Republican Georgia State Senator from the 48th district

Shawn Micah Tresher Still is an American businessman and politician who has represented the 48th district in the Georgia Senate since 2023. He is a member of the Republican Party. He was indicted along with former President Trump and 17 others for interfering in the 2020 presidential election in Georgia.

== Life ==
Still was born and raised in Jacksonville, Florida. He received a bachelor's degree in communications from the University of Alabama. He became the sole owner of a swimming pool construction business, originally founded by his cousin, in 2015. The business employs over 100 people in Gwinnett County. Still is also the owner of a rafting company based in Bryson City, North Carolina.

Still is a member of the Republican Party. He was elected to the 48th district in the 2022 Georgia State Senate election, in which he defeated Democrat Josh Uddin. After the most recent round of redistricting, the 48th district contains part of southern Forsyth County, as well as parts of Fulton and Gwinnett counties. Prior to being elected to the Georgia Senate, Still served as finance chairman for the Georgia Republican Party.

=== Fake electors ===
Still was one of the fake electors who participated in the Trump fake electors plot after the 2020 United States presidential election, which aimed to award Georgia's electoral votes to Donald Trump after he lost the state of Georgia to Joe Biden.

He was one of 14 people, and one of two people from Georgia, who were subpoenaed by the January 6th Committee in January 2022 for their involvement in the alternate electors scheme.

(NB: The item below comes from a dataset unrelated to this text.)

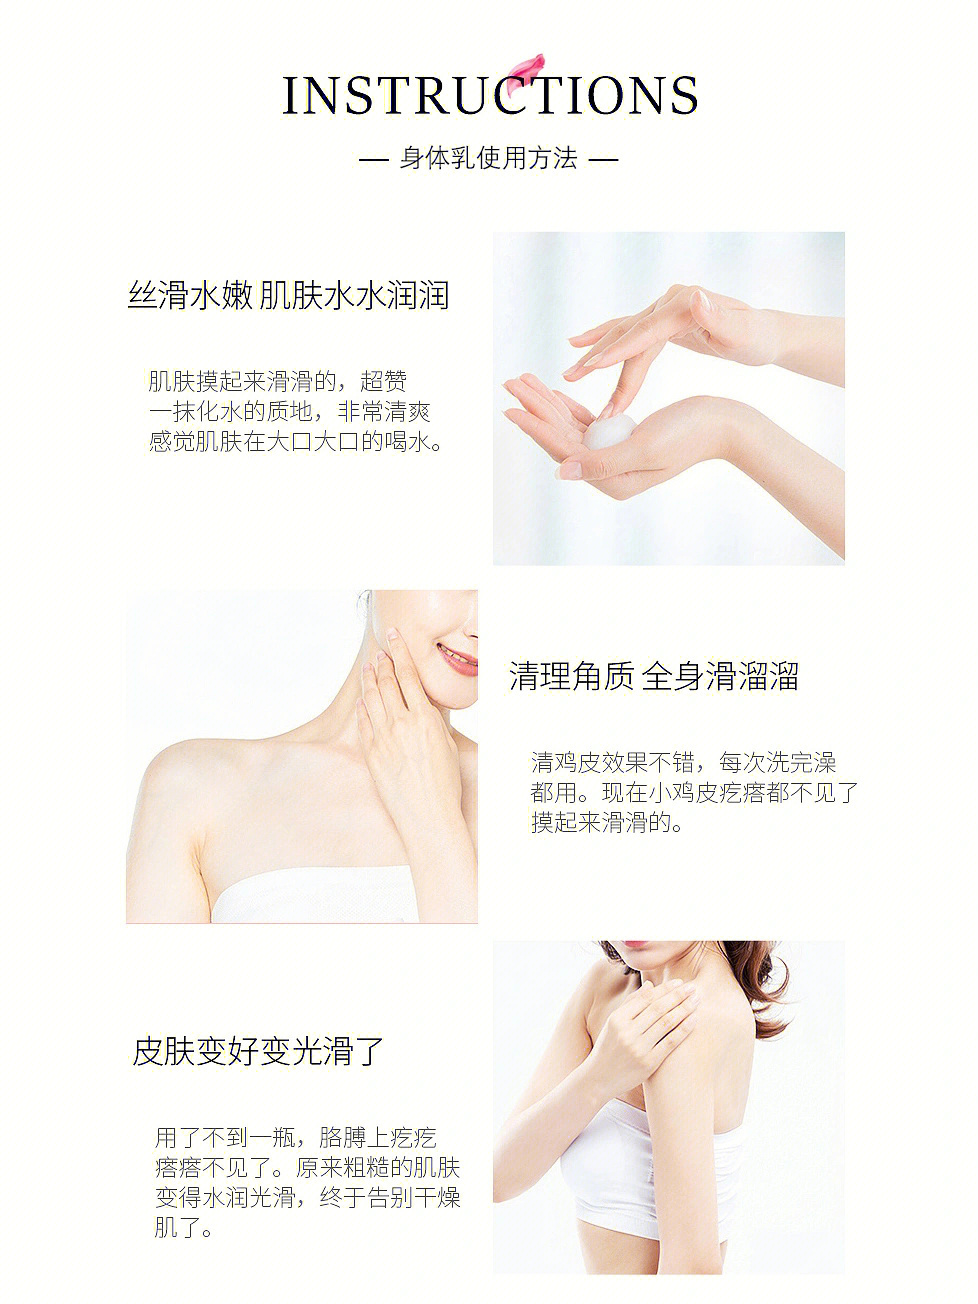 如何使用和选择合适的身体乳

On August 14, 2023, Still was indicted in the prosecution related to the 2020 election in Georgia for allegedly violating Georgia's RICO Act, impersonating a public officer, forgery, false statements and writings, and other charges. Like all other defendants charged in the case, Still pleaded not guilty upon being arrested. In September of that year, a three-person panel recommended not to temporarily remove Still from office as he awaits trial.

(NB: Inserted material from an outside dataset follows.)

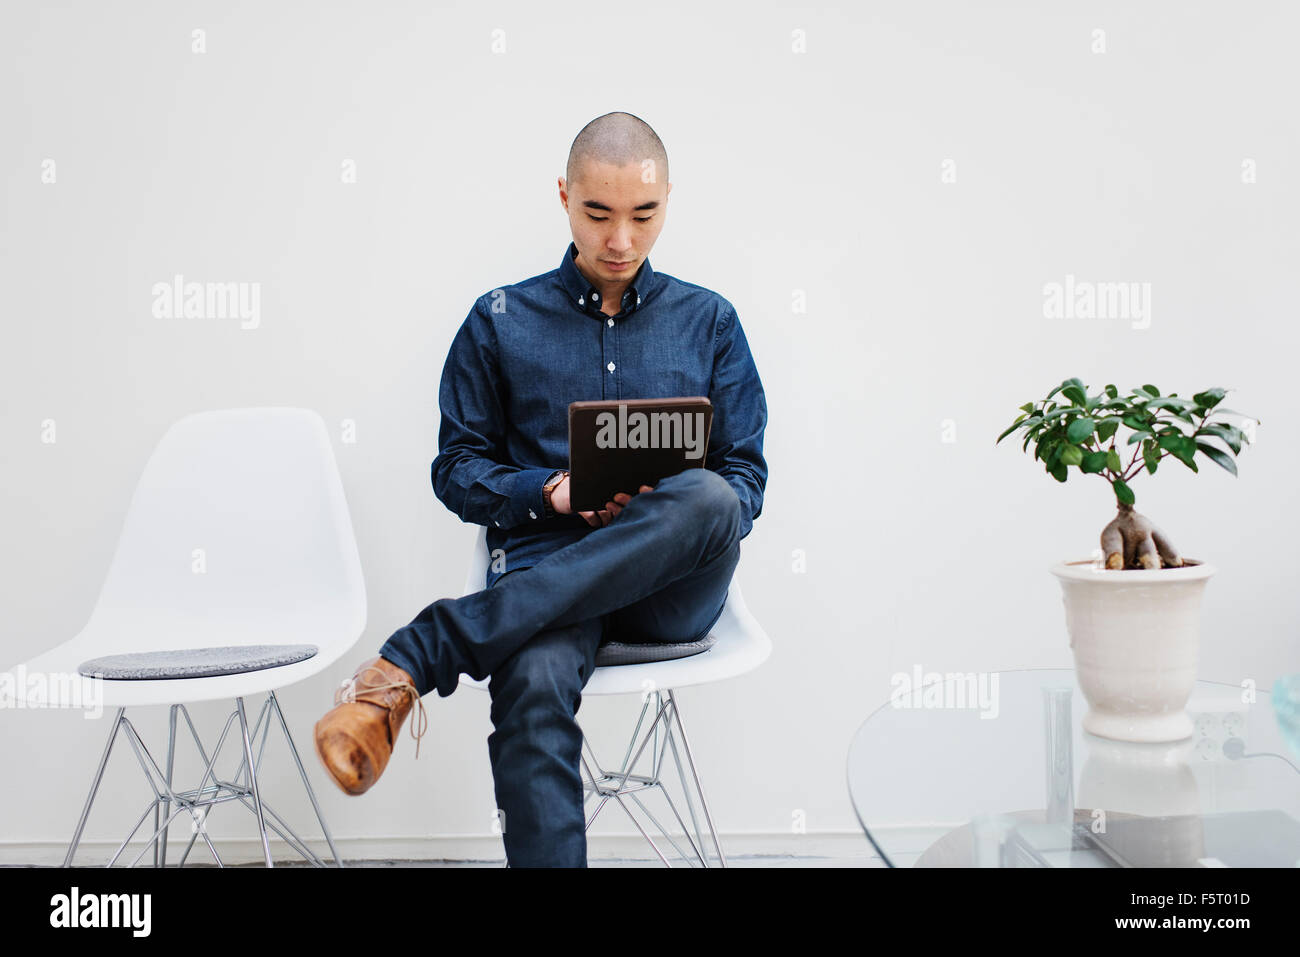 Suecia, Freelancer sentado con tableta digital Foto de stock

In January 2024, Still co-sponsored S.B. 390, which would withhold government funding for any libraries in Georgia affiliated with the American Library Association. The bill was drafted following the election of ALA President Emily Drabinski and allegations of the organization promoting a personal ideology and influencing librarian certification.

In the 2024 general election, Still held his seat with over 53% of the vote against Ashwin Ramaswami, the Democratic candidate.